TPF2017 commented 1 month ago

Thanks for your reply! I modify my code like this:

model_path = "./example_sales/checkpoints/epoch=0-step=100.ckpt"
model = MoiraiForecast(
    module=MoiraiFinetune.load_from_checkpoint(model_path),
    prediction_length=PDT,
    context_length=CTX,
    patch_size=PSZ,
    num_samples=100,
    target_dim=1,
    feat_dynamic_real_dim=ds.num_feat_dynamic_real,
    past_feat_dynamic_real_dim=ds.num_past_feat_dynamic_real,
)
predictor = model.create_predictor(batch_size=BSZ)
forecasts = predictor.predict(test_data.input)

forecast_it = iter(forecasts)
forecast = next(forecast_it)

but meeting new error when forecasting: ea066fde-7f42-4785-ab8f-566545294138

gorold commented 1 month ago

It should look something like below, for module_kwargs, fill it in with the same arguments as the pre-training phase.

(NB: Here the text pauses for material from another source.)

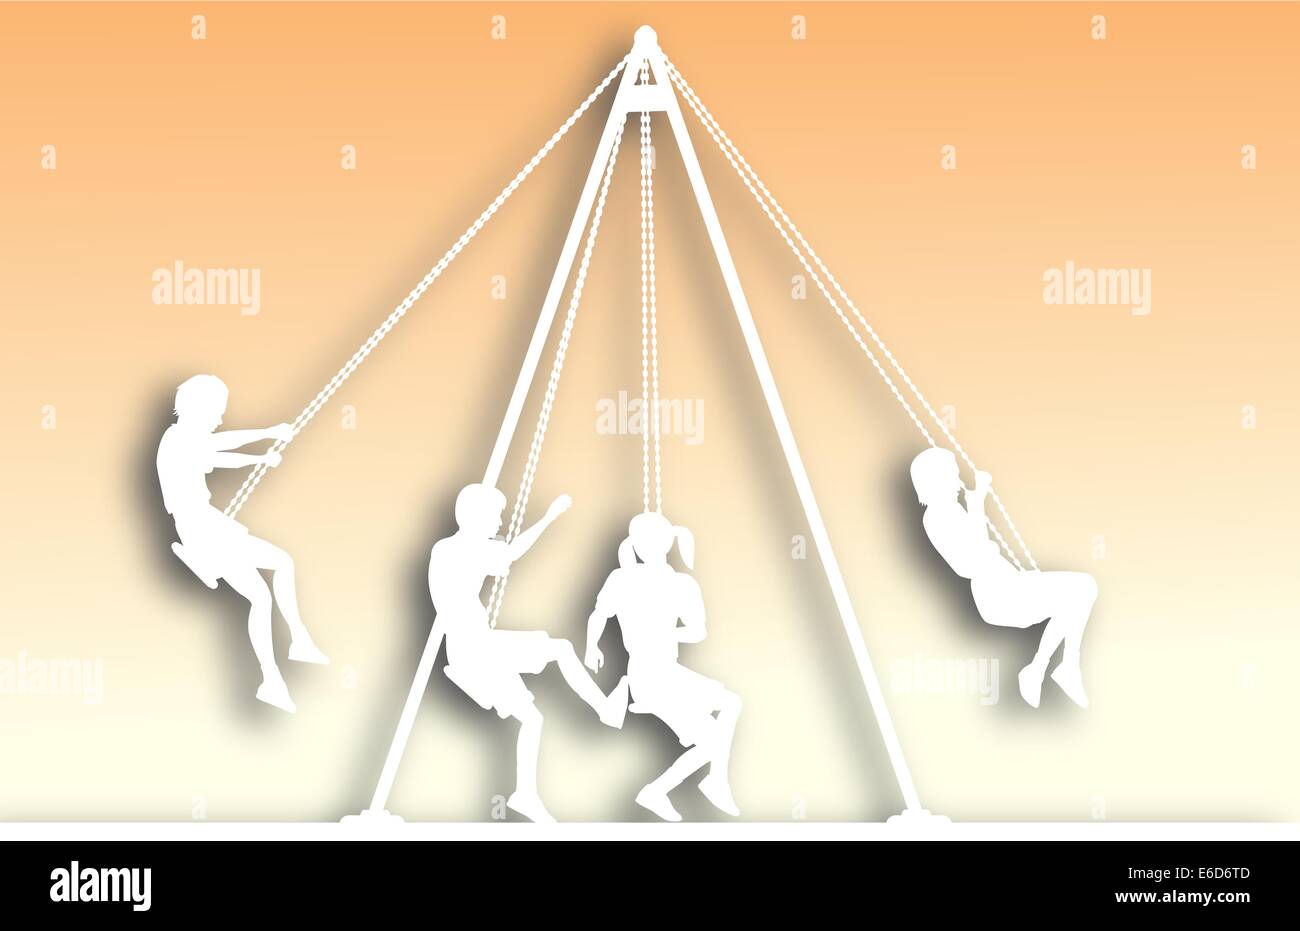 Editable vector cutout of children on playground swings with background made using a gradient mesh Stock Vector

model = MoiraiForecast.load_from_checkpoint(
    module_kwargs={...},
    prediction_length=PDT,
    context_length=CTX,
    patch_size=PSZ,
    num_samples=100,
    target_dim=1,
    feat_dynamic_real_dim=ds.num_feat_dynamic_real,
    past_feat_dynamic_real_dim=ds.num_past_feat_dynamic_real,
    checkpoint_path="./example_sales/checkpoints/epoch=0-step=100.ckpt",
)
TPF2017 commented 1 month ago

I tried this way and it works, thank you very much for your answer!